▸ **Supplied information**
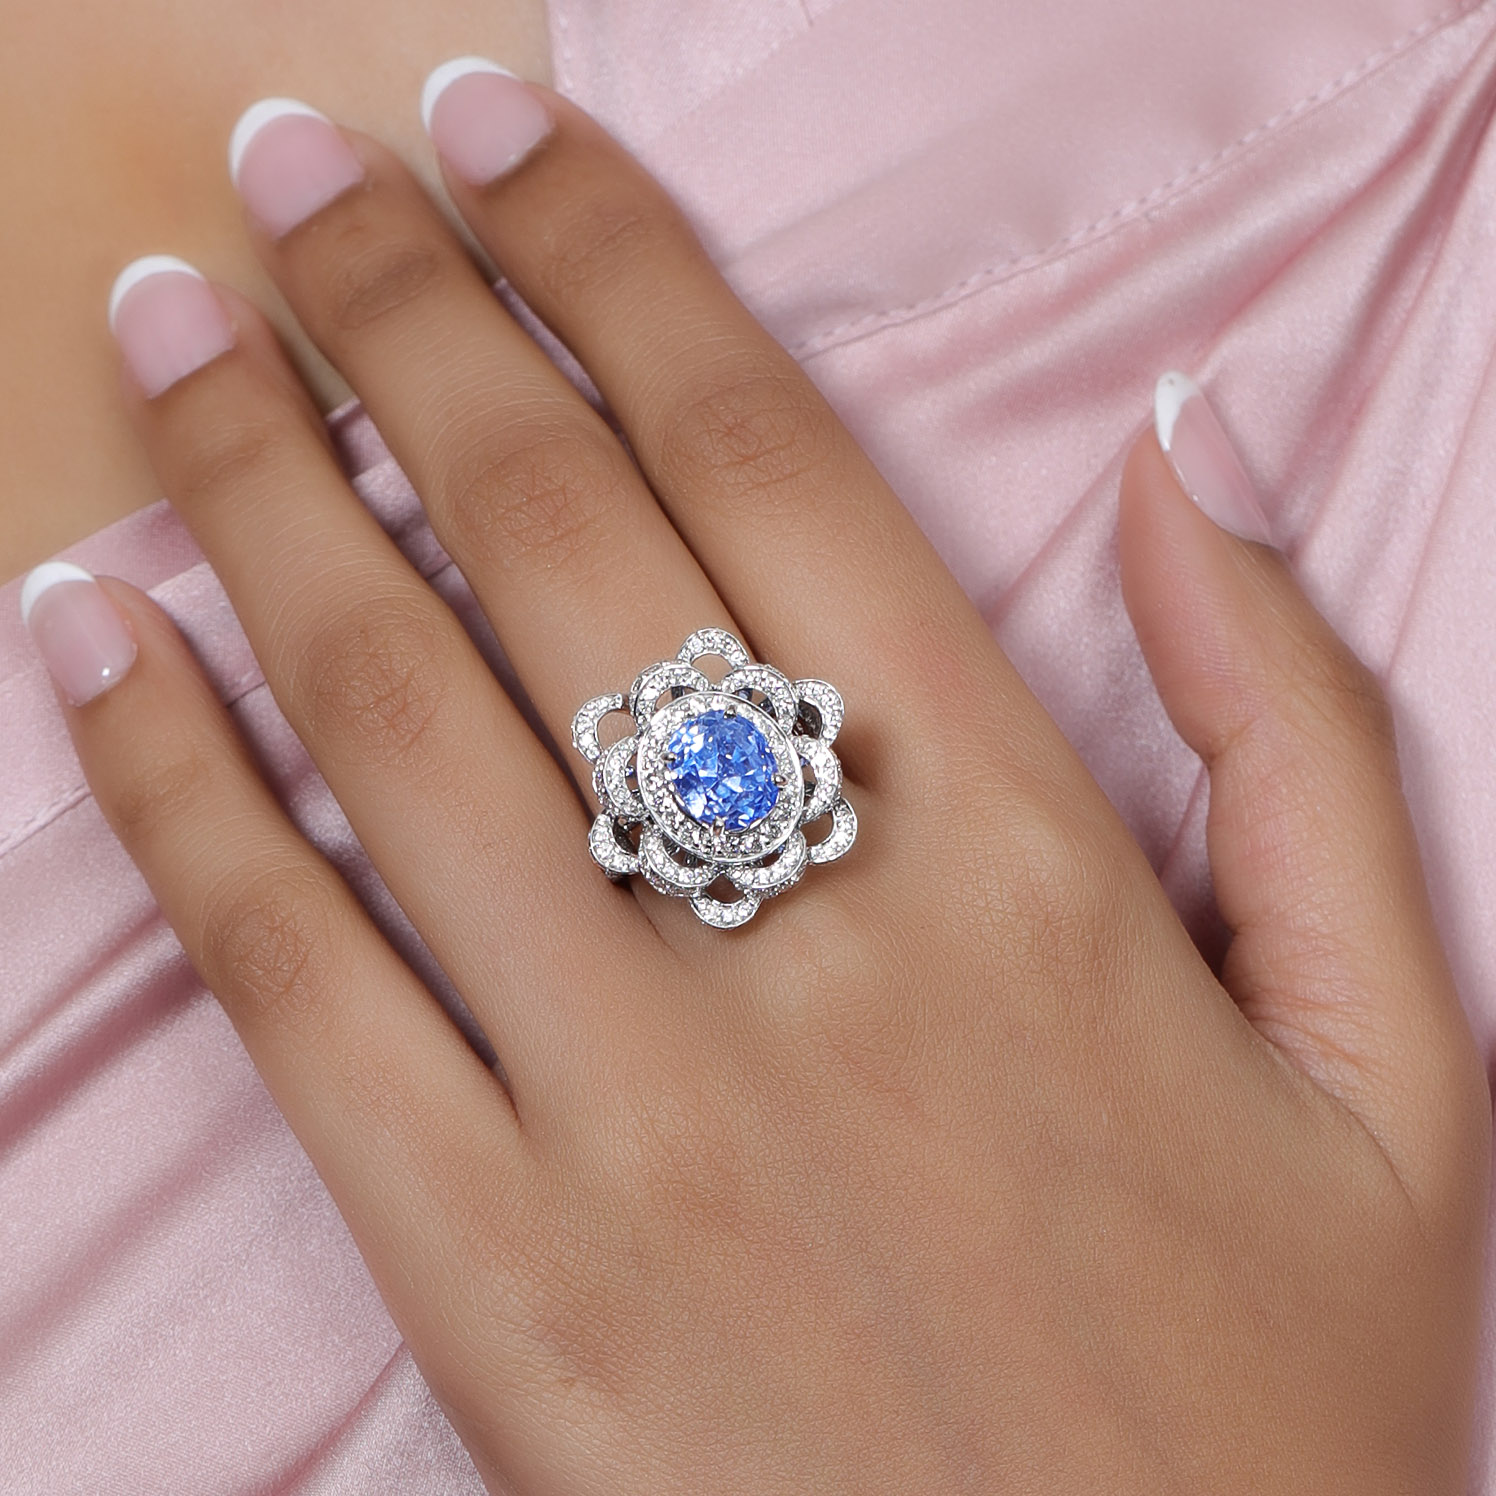 Buy Now | Diana Blue Sapphire Ring | AMALFA – Amalfa
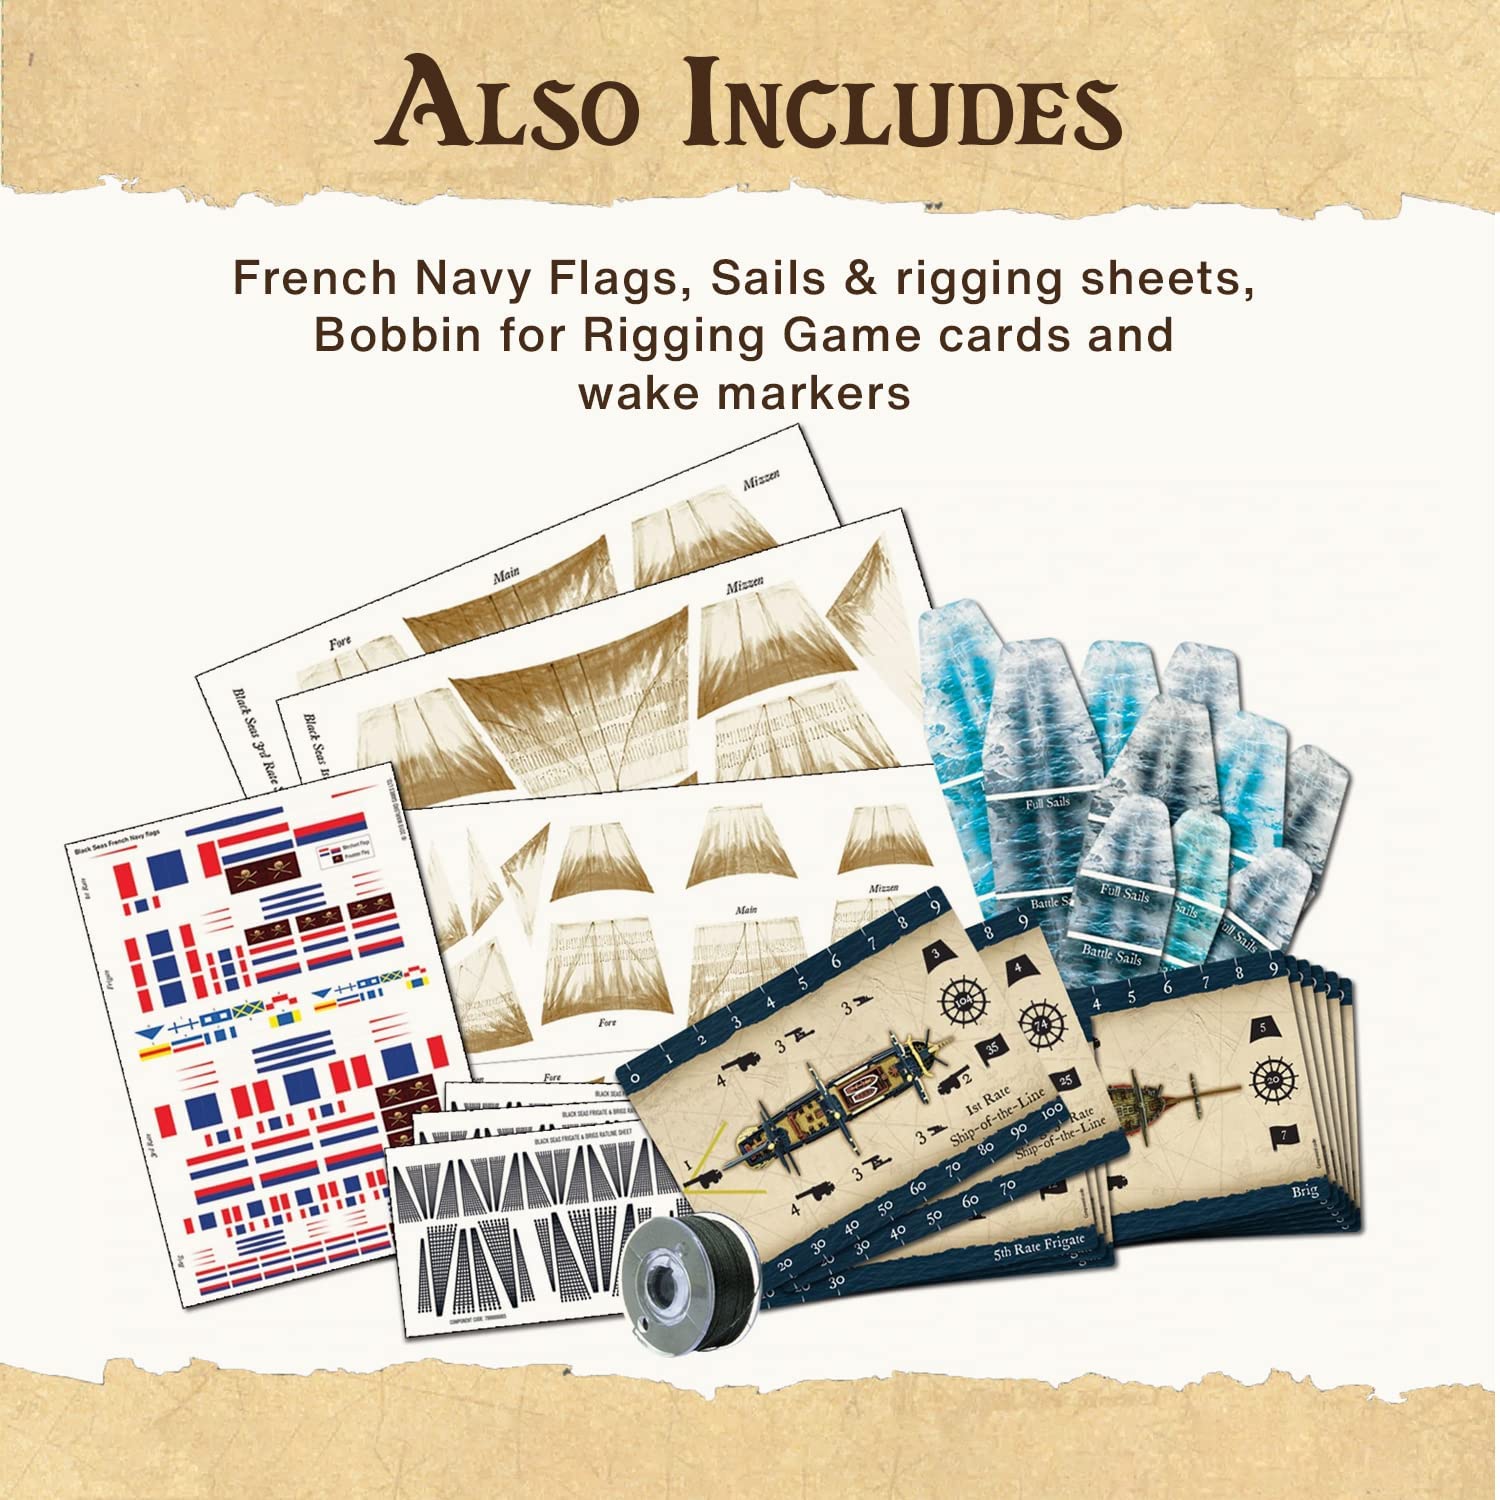 Black Seas - French Navy Fleet (1770-1830)
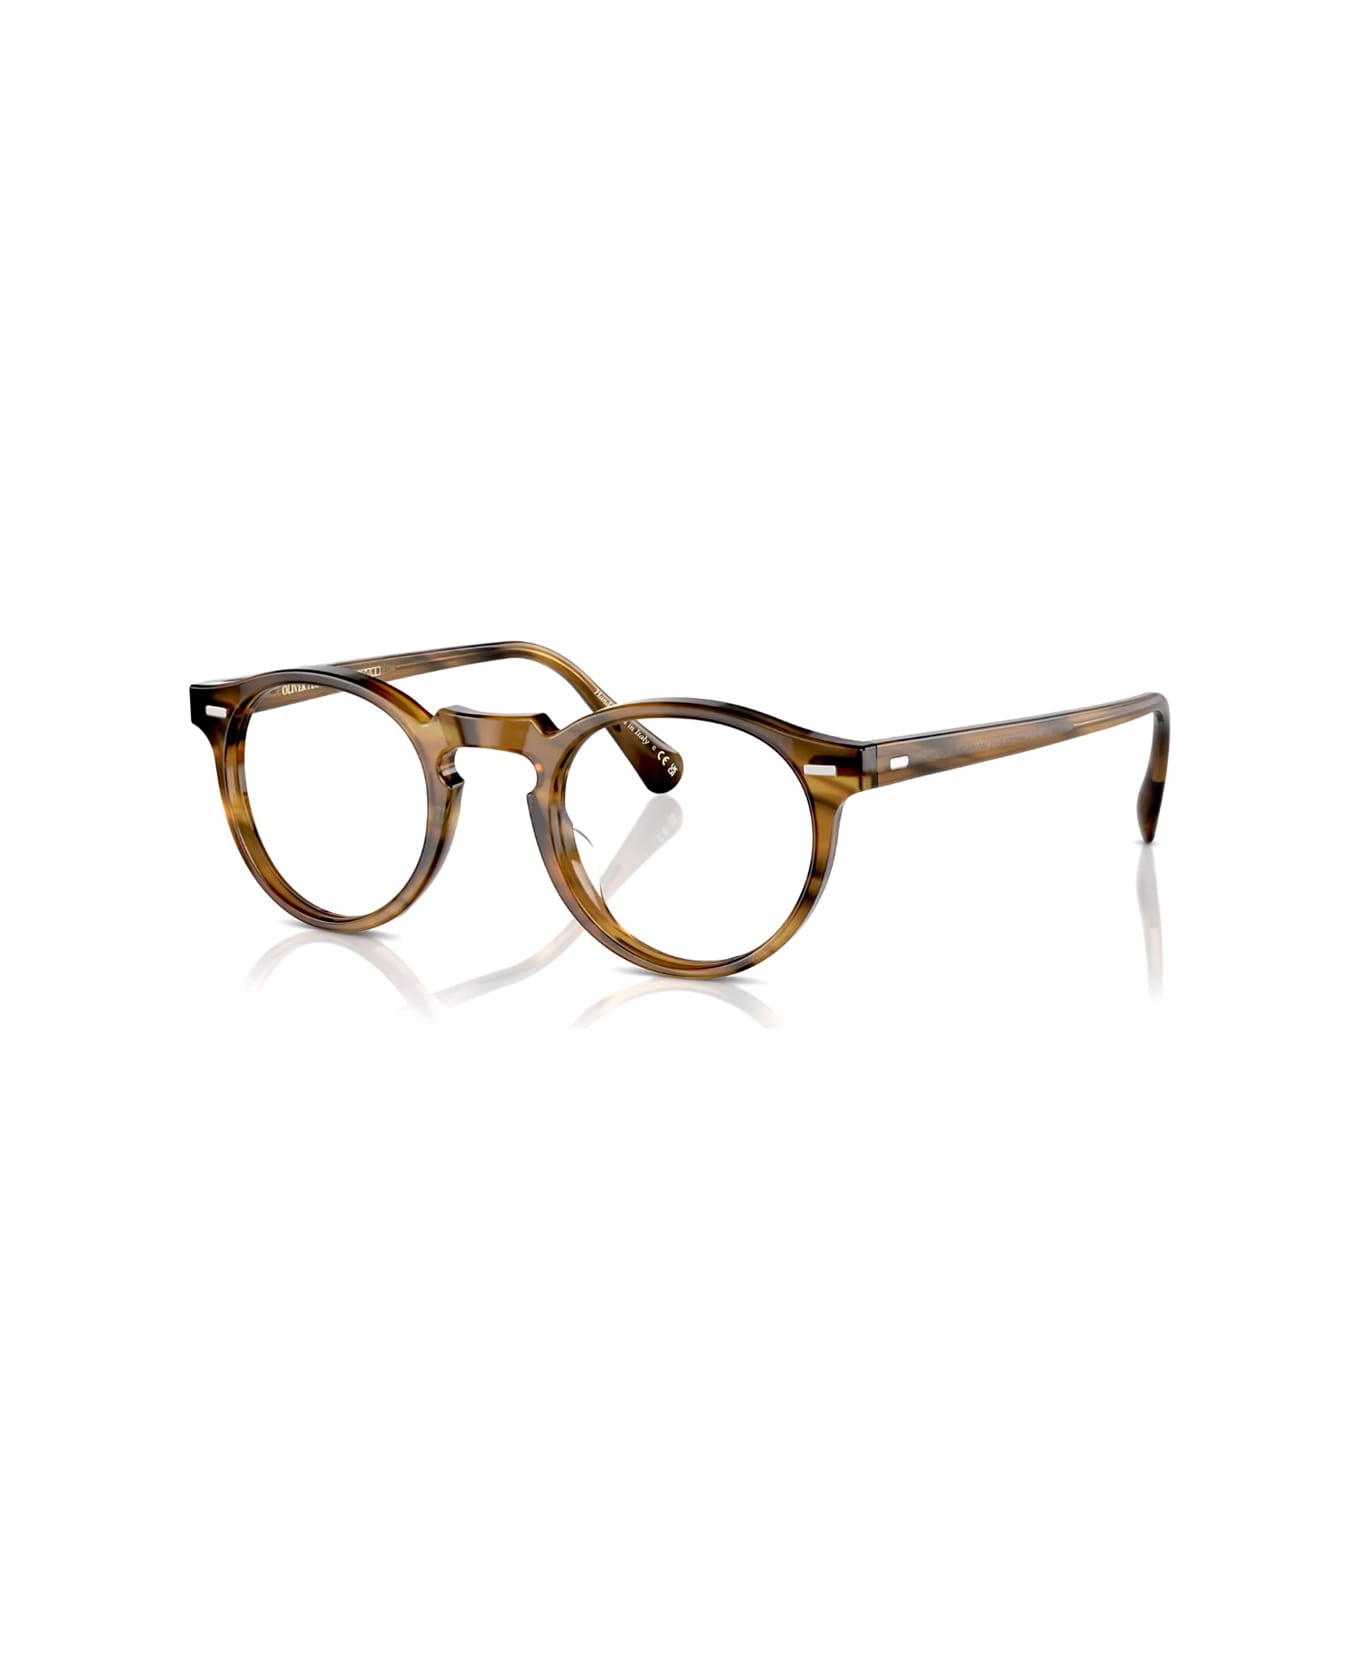 Oliver Peoples Ov5186 - Gregory Peck 1011 Glasses - Marrone

▸ **Task directions**
Are you able to set down all the lines above exactly, without any pictures?

▸ **Answer to this exercise**
 Buy Now | Diana Blue Sapphire Ring | AMALFA – Amalfa
 Black Seas - French Navy Fleet (1770-1830)
 Oliver Peoples Ov5186 - Gregory Peck 1011 Glasses - Marrone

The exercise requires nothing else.